Shit, check The Walking Dead threads here. People are ready to throw the show away if a character doesn't die every three episodes it seems.
 
Just re-watched the first half of season 7 this week. Can't wait for the last seven episodes to start airing. One of the things that has bothered me about Mad Men however (and this is well known by fans) is that characters just suddenly vanish without a proper end to their story arc (Sal, Suzanne Farrell, Sylvia Rosen especially, who STILL lives in the same building as Draper).
 

Fjordson

Member
The only show that I can't think of that takes its sweet time like Mad Men does is The Americans. And with that show, it's averaging like what, one million viewers per episode?
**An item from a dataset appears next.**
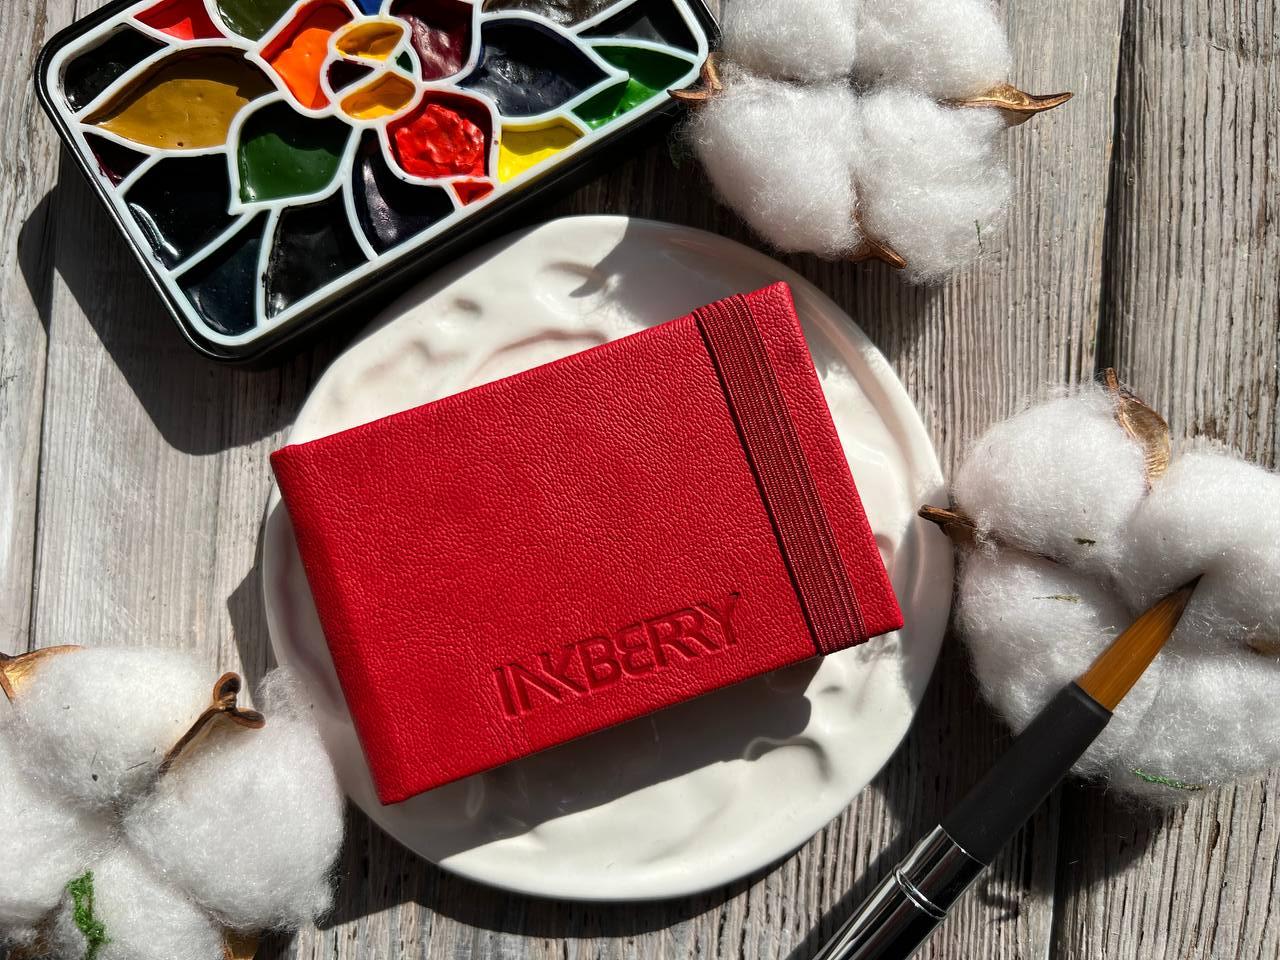 Скетчбук для акварели Inkberry 5х8 см 230 г 50% хлопка, красный книжная лавка грёз

If that?
Even Americans has a bit more forward momentum to me. I'm only halfway through season 2 right now, but there's a decent amount of action and a sense of urgency that Mad Men doesn't have (or need). Great show, though.
 

Pryce

Member
Even Americans has a bit more forward momentum to me. I'm only halfway through season 2 right now, but there's a decent amount of action and a sense of urgency that Mad Men doesn't have (or need). Great show, though.

Season three (very slight spoiler):
S3 is the slowest of any season. S2 is pretty action packed if I remember.
 

Fjordson

Member
Season three (very slight spoiler):
S3 is the slowest of any season. S2 is pretty action packed if I remember.
Ah okay, interesting. Looking forward to it.

I had never even heard of the show until like two months ago and started marathoning it on Amazon Prime. It's really good.
 

TwoDurans

"Never said I wasn't a hypocrite."
Is it wrong that I want the last scene to take place in 2010 where a 20 something is trying to explain Facebook to a 70 year old Don?
 

Linius

Member
Better Call Saul is just here, but I feel like that's also a show that moves really slowly without that much happening. I've already seen a couple of BB fans complain about how slow it is, they probably expected Saul to blow up someone every two episodes I guess.